Some functional languages like Haskell are inherently lazy, others like Scala have both kinds of evaluation. Java 8 also falls into this latter category: Traditionally, Java is a strict language: all method parameters are evaluated before a method is called etc. However, the new Streams API is inherently lazy: An object is only created from the stream when there is demand for it, i. e. only when some terminal operation like collect or forEach is called. And lambda expressions allow passing functions as arguments for delayed evaluation.

Let's return to our example. In Scala, we might write the following code, lifted from Louis Botterill's blog:

def primes : Stream[Int] = {  
   var is = Stream from 2  
   def sieve(numbers: Stream[Int]): Stream[Int] = {  
    Stream.cons(  
     numbers.head,  
     sieve(for (x <- numbers.tail if x % numbers.head > 0) yield x))  
   }  
   sieve(is)  
  }   

By the way, this algorithm is not the Sieve of Eratosthenes, although it is often so presented. This paper by Melissa O'Neill has all the details. It's an interesting read: O'Neill describes an optimized implementation of the genuine sieve, making use of heap-like data structures in Haskell. I'd be interested to know if someone has ported this to Java 8. We'll stick with the unfaithful sieve (O'Neill 's term) for now.

What's important in the above code is the ability to access the head of the stream and still lazily operate on the rest.Unfortunately, in Java findFirst is also one of those terminal operations on streams, so there is no obvious way to port this bit to Java without creating our own lazy list structure. We'll do that by building on the simple ConsList implementation alluded to in the previous post, and extending it in several ways:

• add a factory method that accepts a Function<T,T> to generate the elements in the tail  in sequence
• add a factory method that accepts a Supplier<FilterableConsList<T>> to create a tail
• add an instance method that accepts a Predicate<T> to filter out non-matching elements from a list
• make the implementation class lazy for the tail (but strict for the head).

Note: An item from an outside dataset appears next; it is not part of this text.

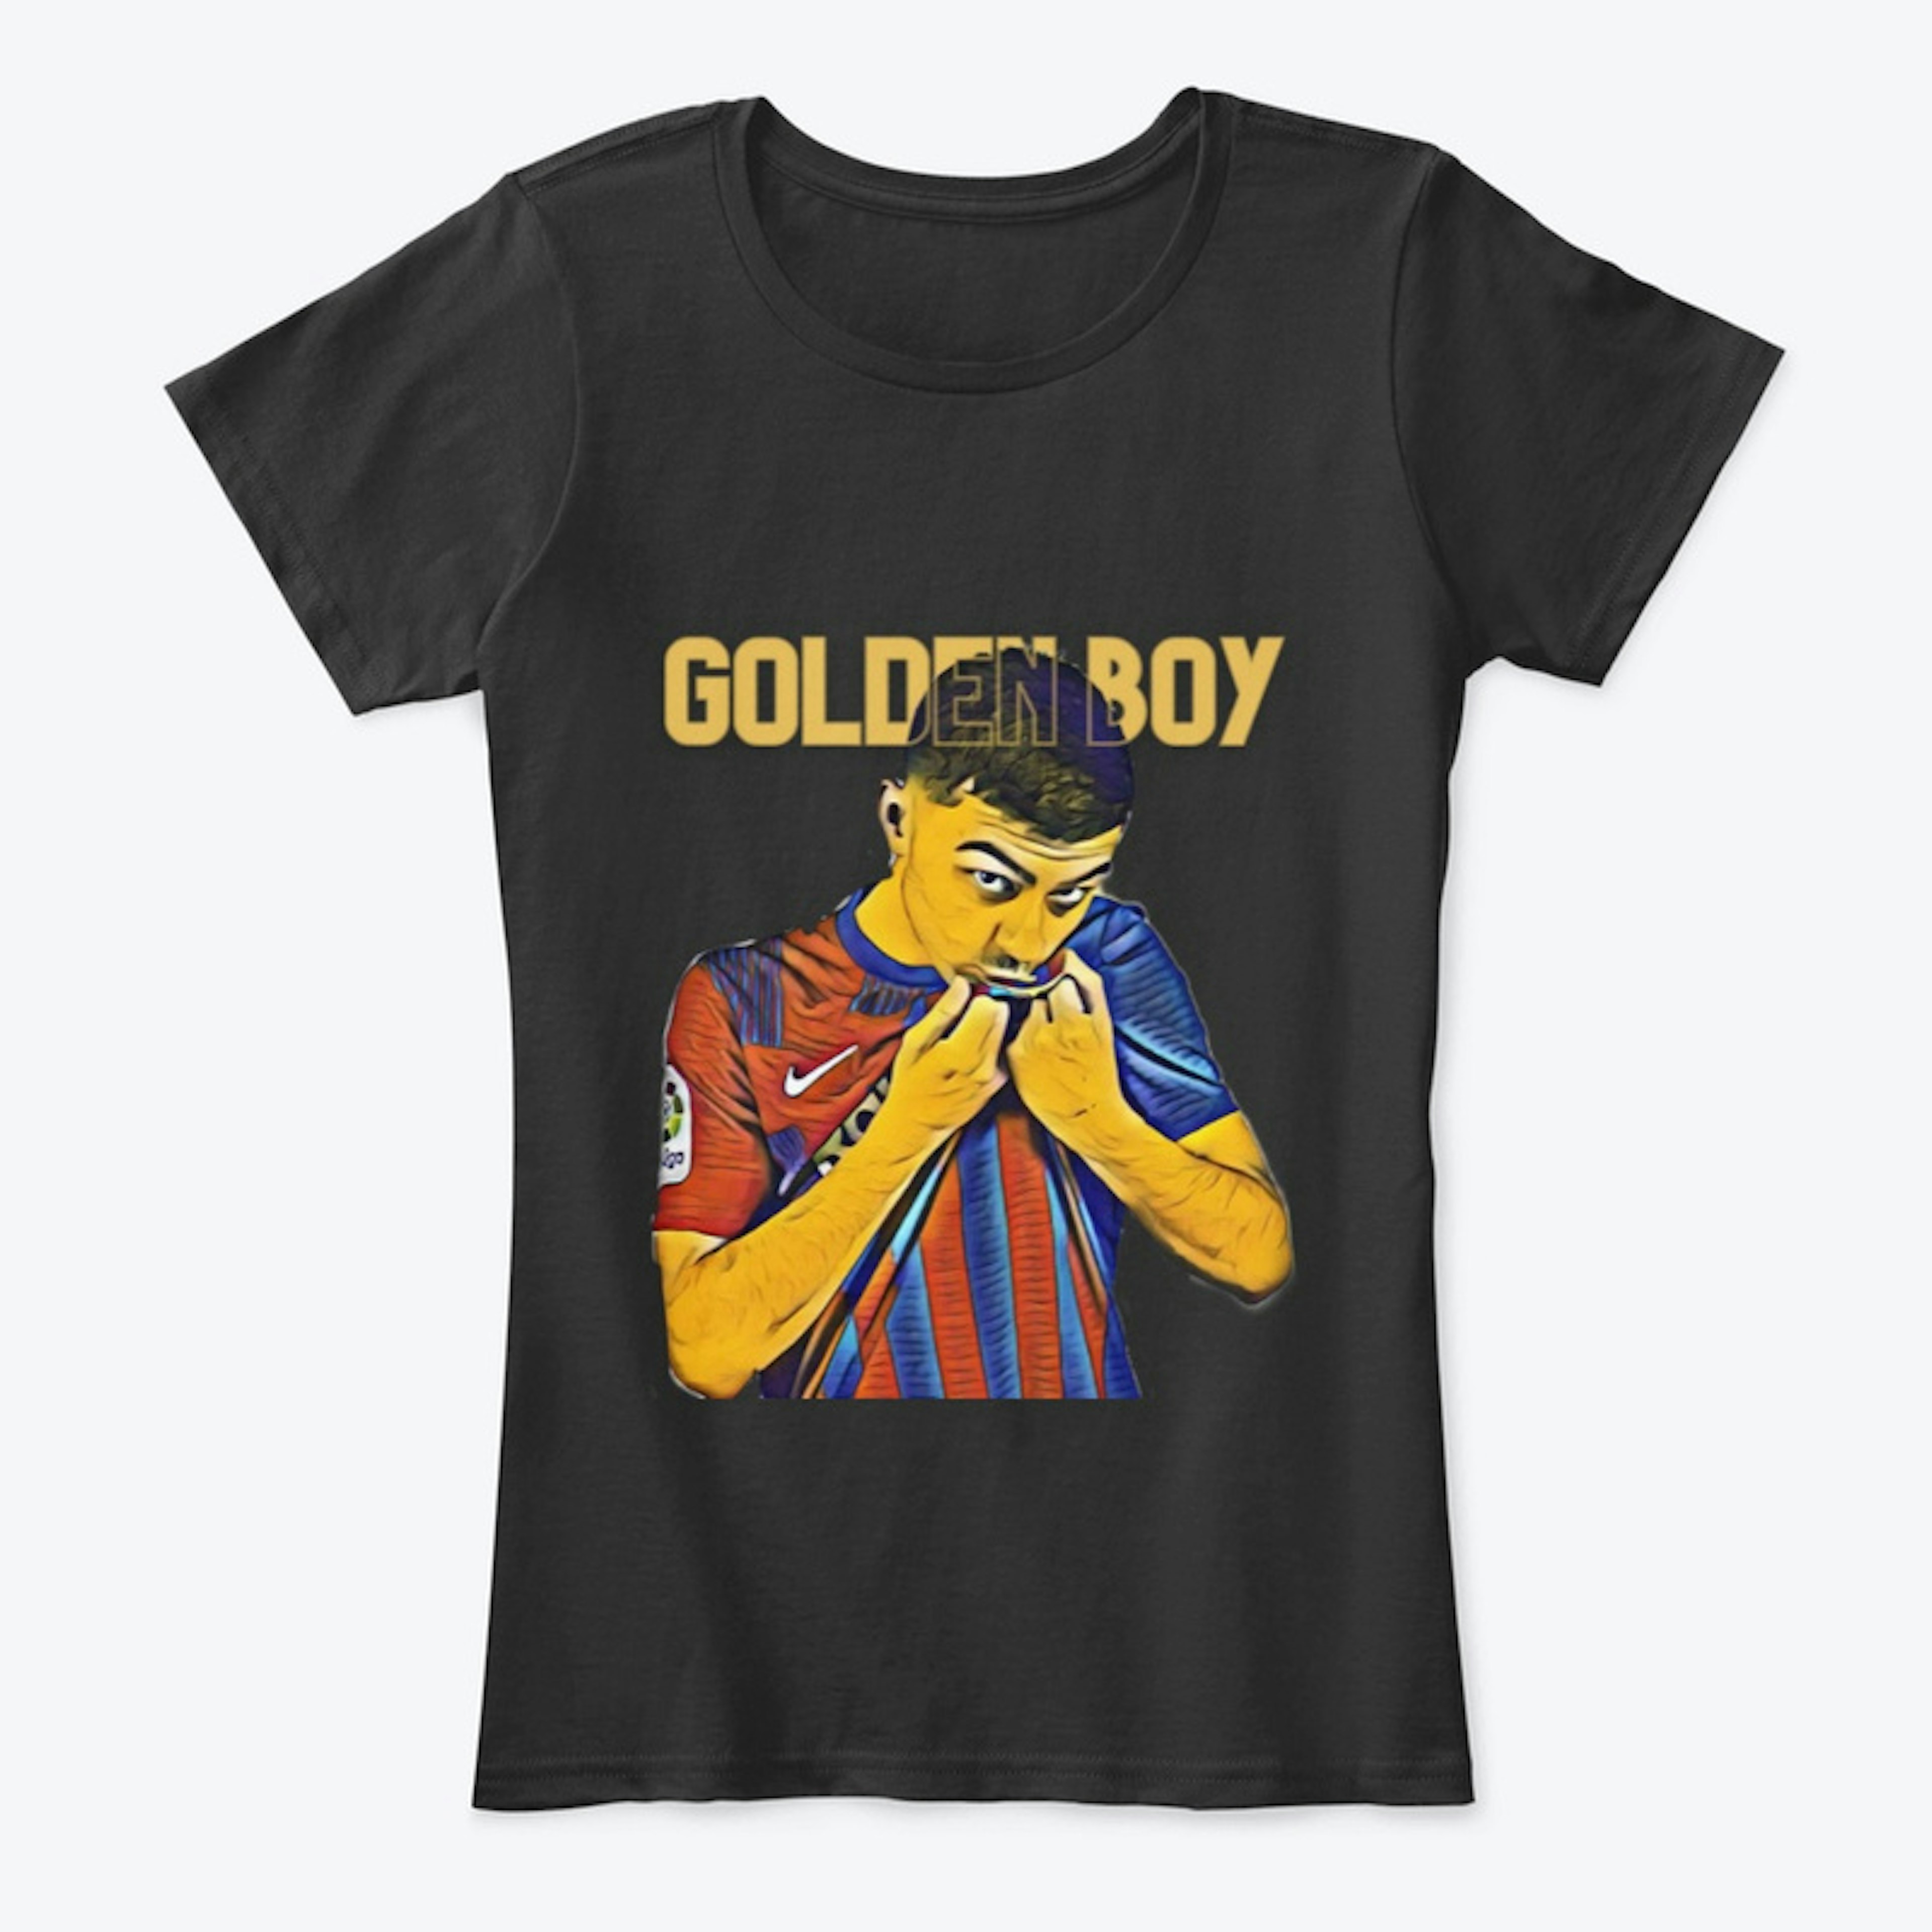 Pedri #GoldenBoy Fan Design

As a further goodie, we can easily implement the collection interface by providing an iterator and make the thing streamable by providing a spliterator of unknown size that is based on the iterator. The coding is lengthy but straightforward, it is shown at the bottom of this post. With it, the driver for generating the first 100 primes becomes:

 LazyConsList<Integer> s = sieve(LazyConsList.newList(2, x -> x + 1));   
 s.stream().limit(100).forEach(x->System.out.print(x + " "));   

where the interesting sieve-method is this:

 private LazyConsList<Integer> sieve(FilterableConsList<Integer> s) {  
  Integer p = s.head();  
  return cons(p, () -> sieve(s.tail().filter(x -> x % p != 0)));  
 }

Now I think that looks pretty neat (and very similar to the corresponding Scala code). That's all I wanted to show. However, as Java 8 is still very new, it may not be quite obvious to many readers what's going on here. Let me try to explain.

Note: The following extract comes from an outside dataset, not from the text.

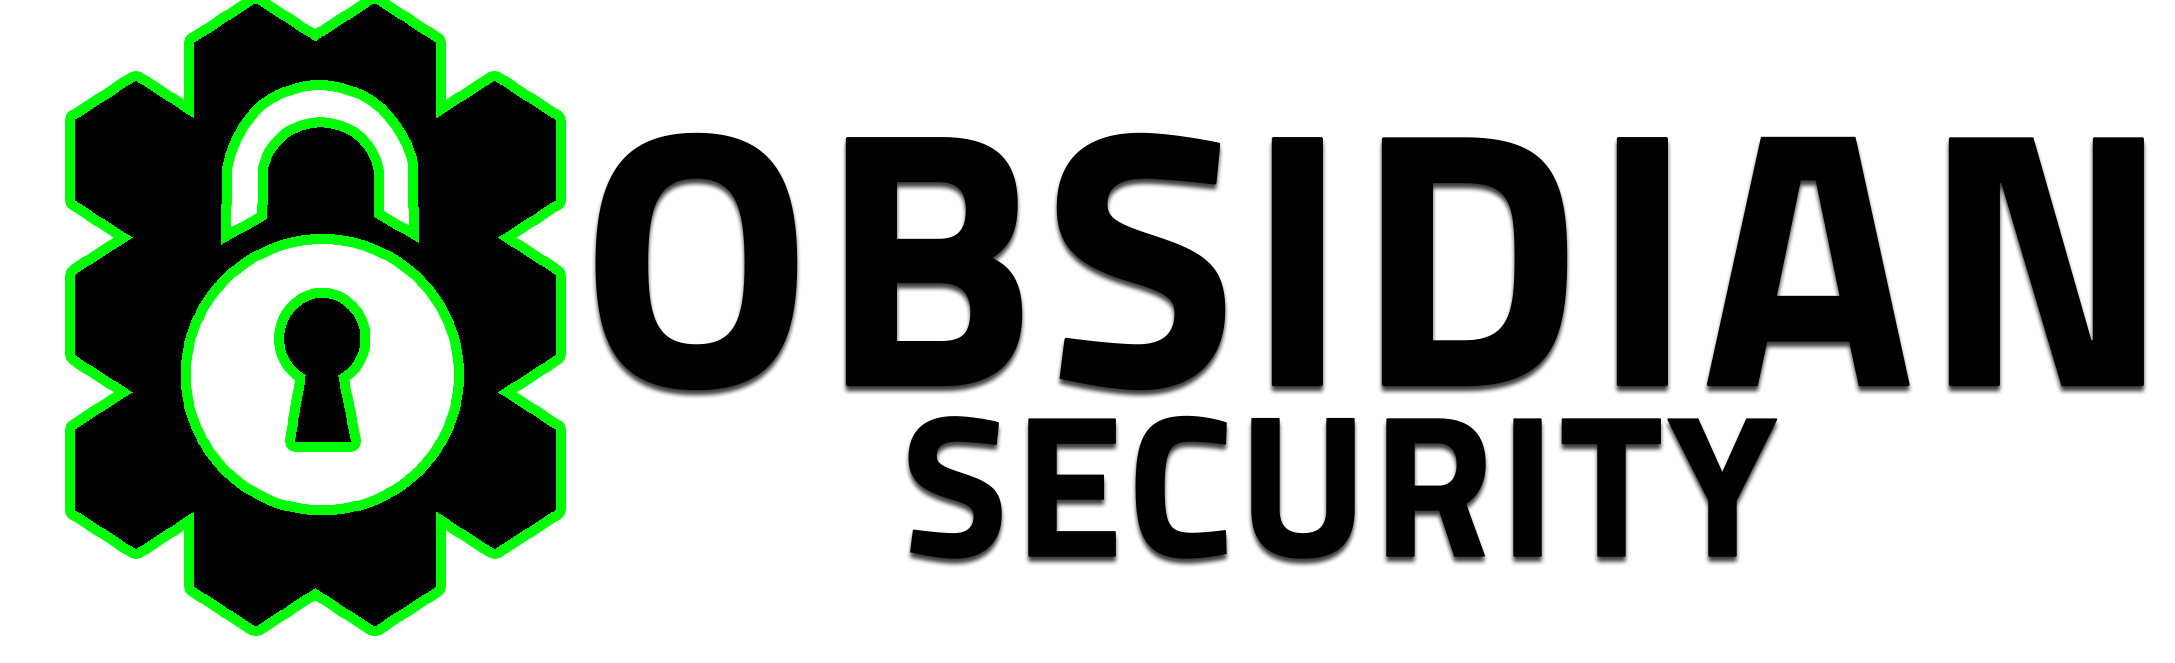 Obsidian Security (s.f.). Obsidian security. Recuperado de: http://obsidian-security.com.mx/

The text declares very clearly what it takes to output the first 100 primes: Create a list of integers starting at two, sieve it, take the first 100 elements and output them severally, where sieving consists of taking the first element of the list, then taking the rest disregarding any multiples of the first element, and sieving that again.

Procedurally, the picture is very different: some method calls are deferred until the tail of a cons-list is accessed. In particular, there is no infinite loop, because every call to sieve in the expression () -> sieve(...)is delayed until forEach requests another prime for output. Here's the sequence:

1. forEach causes the stream to get the next element from its underlying iterator
2. whereupon the iterator will return the first list element and change its own state by retrieving the tail of its list, which will be a list based on a Supplier, namely the one which came out of the previous call to sieve
3. the iterator's call to tail will in turn lead to strict evaluation of the method arguments to sieve, accessing the tail of the generator-based list and creating a new list from it by adding a new filter
4. so that when sieve is executed, a new cons-cell with a supplied tail is constructed, the head of which is the first element of the filtered list from step 4 and therefore a prime
5. which will be the next element returned from the stream when processing continues at step 1.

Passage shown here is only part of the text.